The pro-inflammatory effect of PCSK9 has been shown in different experimental models [27,28,29]. The inhibitory effect of PCSK9 on vascular calcification was also suggested in several basic experiments [30,31]. In addition, clinical evidence supported a linkage between PCSK9 and chemokine and vascular calcification in previous studies [24,32]. However, we did not find a significant correlation between PCSK9 level and hsCRP, MCP-1, or IL-6. In addition, the observed correlation of PCSK9 with osteoprotegerin and RANKL was not significant. These findings suggest that PCSK9 has limited association with systemic inflammation or calcification in HD patients and that the expected role of PCSK9 in this field might be reduced in HD patients.

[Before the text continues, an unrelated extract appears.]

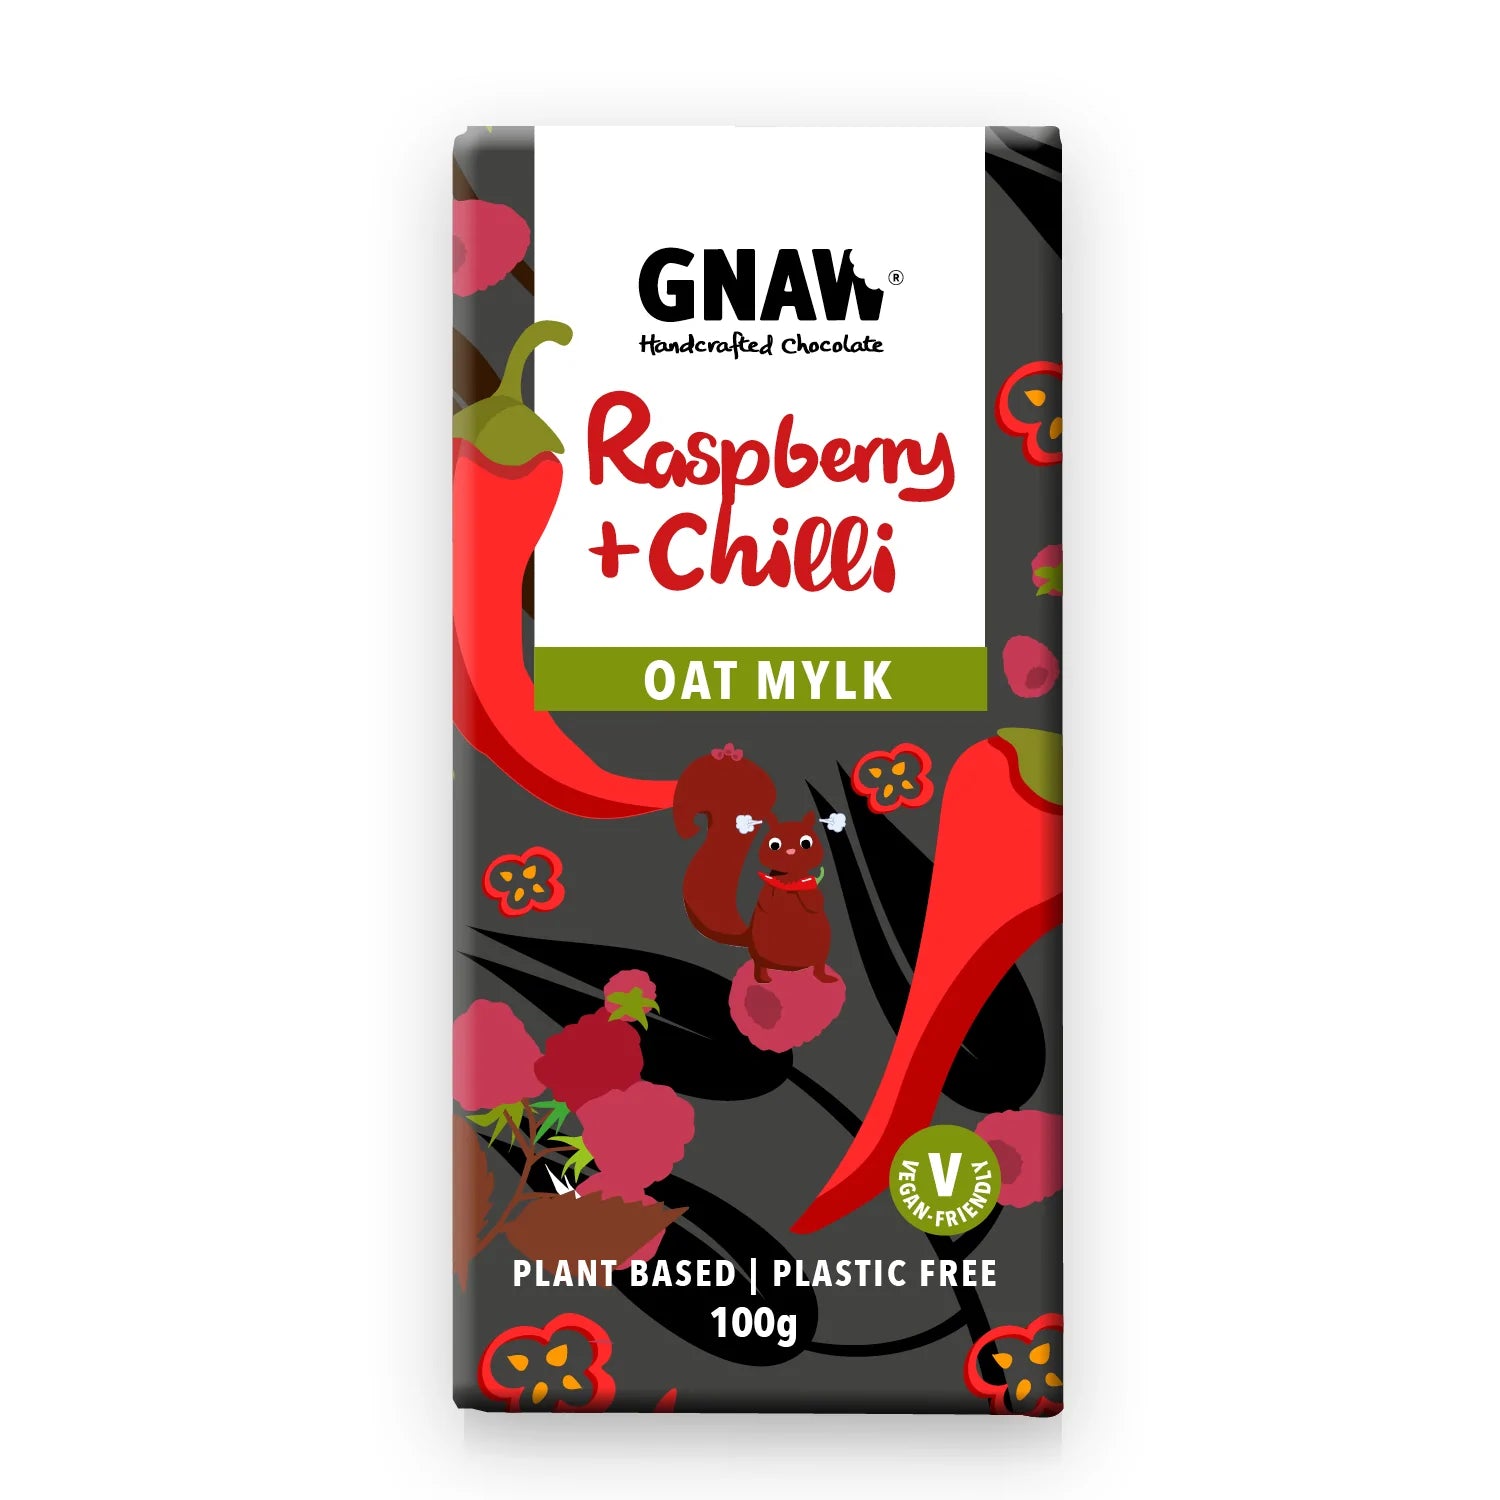 Gnaw Raspberry & Chilli Oat Milk Vegan Chocolate Bar

While HD patients had the greatest risk of CV event and death, traditional risk factors such as hypertension, high LDL cholesterol levels, low HDL cholesterol levels, and smoking do not fully explain the elevated CV risk of HD patients. Our study revealed a significant association between plasma PCSK9 and incident composite and CV event in univariate analysis. The association remained significant after adjustment for multiple established CV risk factors, including lipid parameters and statin use. These findings suggest that PCSK9 contributes CV event independently of traditional CV risk factor and that PCSK9 is a useful biomarker for elucidating CV risk in patients on HD treatment.

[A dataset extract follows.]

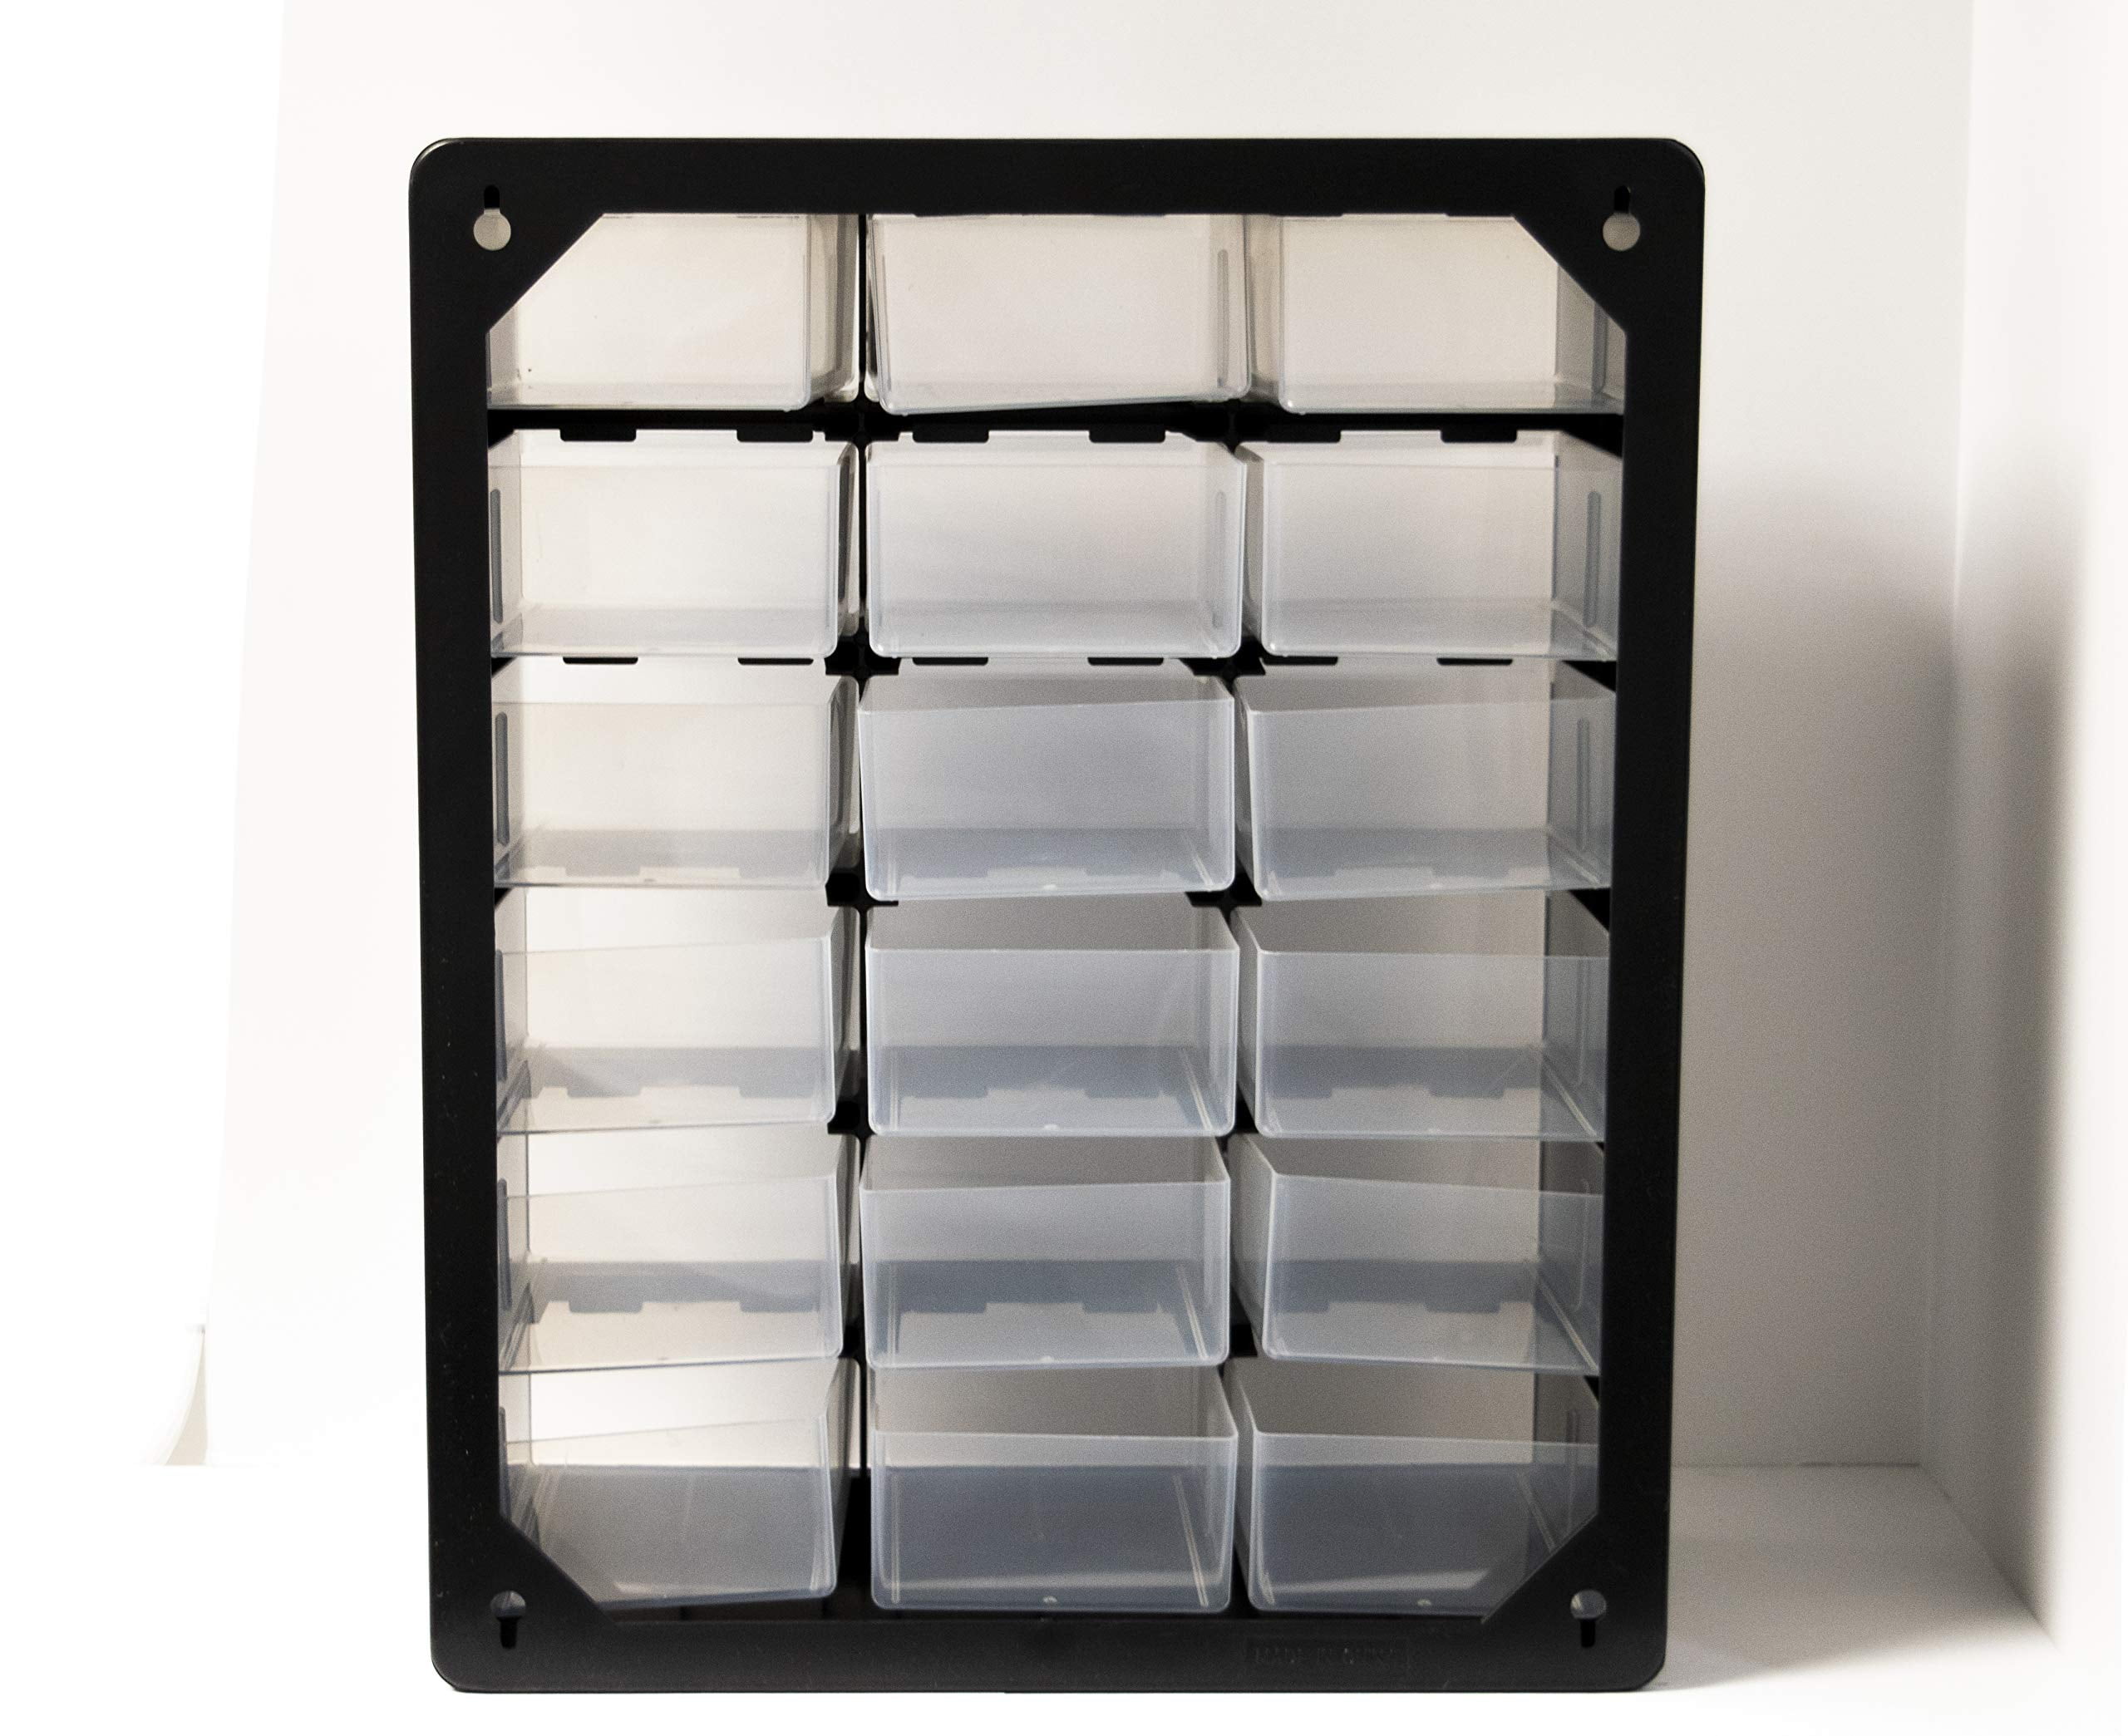 18-Drawer Small Parts Plastic Storage Cabinet Unit Organizer

Our study showed that the association between PCSK9 and composite event was insignificant in a subgroup with low LDL cholesterol. These findings suggest that the pleiotropic effect of PCSK9 beyond lipid metabolism is decreased in HD patients. In contrast, the combination of high PCSK9 with high LDL cholesterol showed the greatest risk of composite events. We propose that PCSK9 could be a marker used to screen high risk patients for CV events in combination with LDL cholesterol. In patients with high hsCRP, high PCSK9 was not a significant risk factor, but the greatest CV risk was observed in patients with high PCSK9 and low hsCRP. These findings suggest that the combination of high PCSK9 with high hsCRP indicates antagonistic effect on prognostic value of PCSK9.

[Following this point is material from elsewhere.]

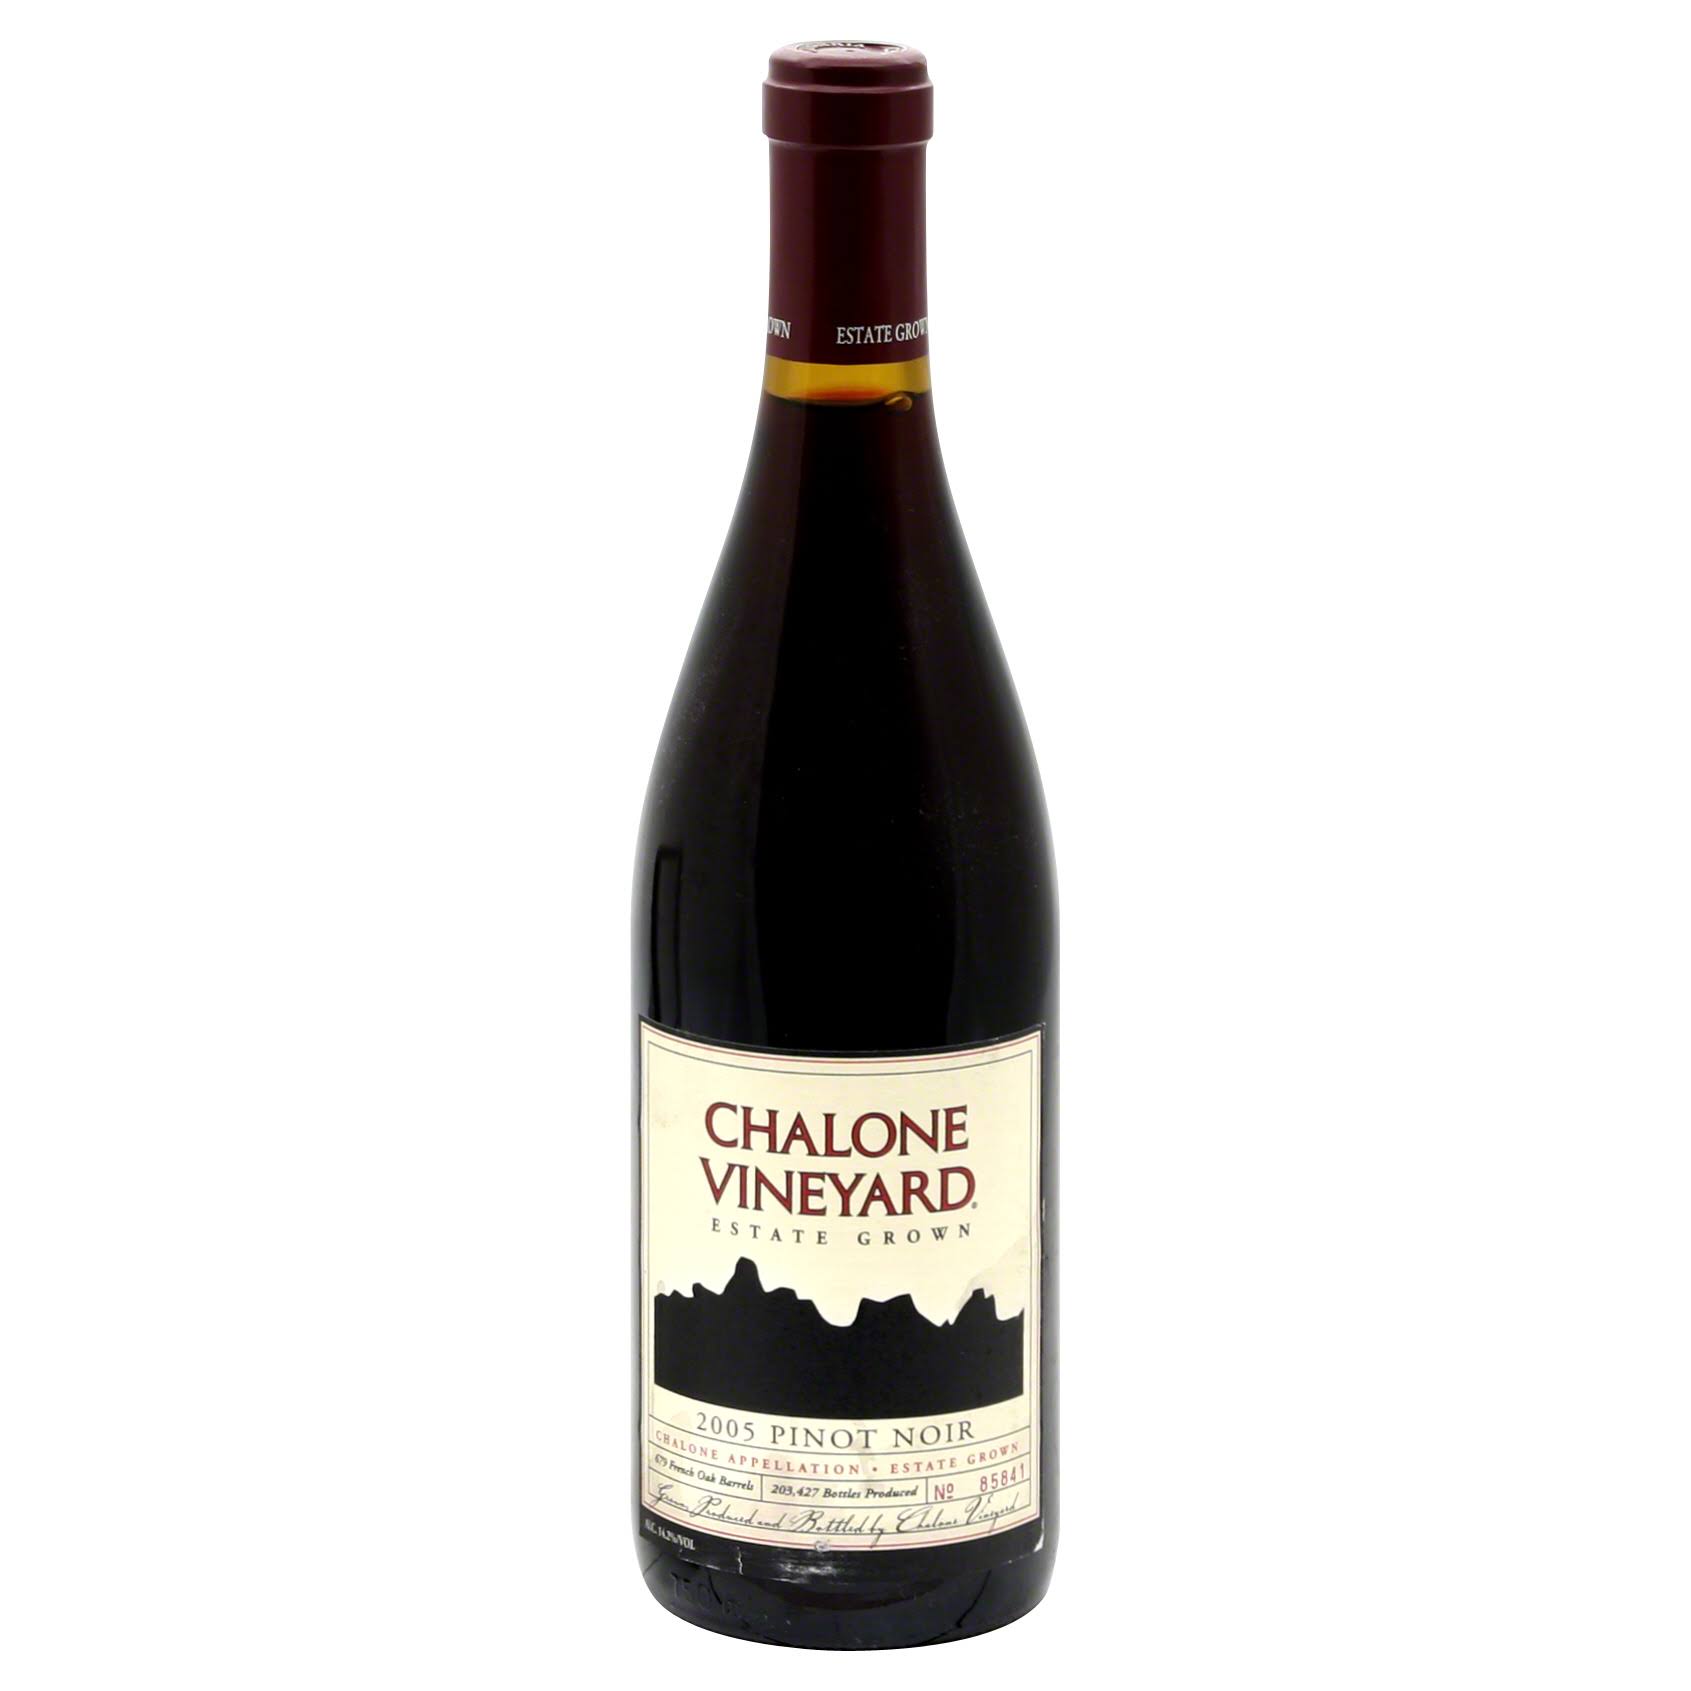 Chalone Vineyard Pinot Noir, Chalone Appellation, 2005 - 750 ml

This study has some limitations. Due to a limited number of CVD events and short-term follow-up duration, we could not perform individual analyses for myocardial infarction and stroke. Furthermore, control for confounding factors may not have considered all relevant factors such as atrial fibrillation and cannot preclude residual confounding in our data. In addition, PCSK9 level was measured once at the time of study entry, and information about statin treatment was assessed at baseline.

In conclusion, circulating PCSK9 level was independently correlated with serum glucose, albumin, total cholesterol level, and statin treatment. Higher circulating PCSK9 level was independently associated with greater risk of composites of CV event and death in HD patients. Our study suggests the importance of future studies on the effect of PCSK9 inhibition in HD patients.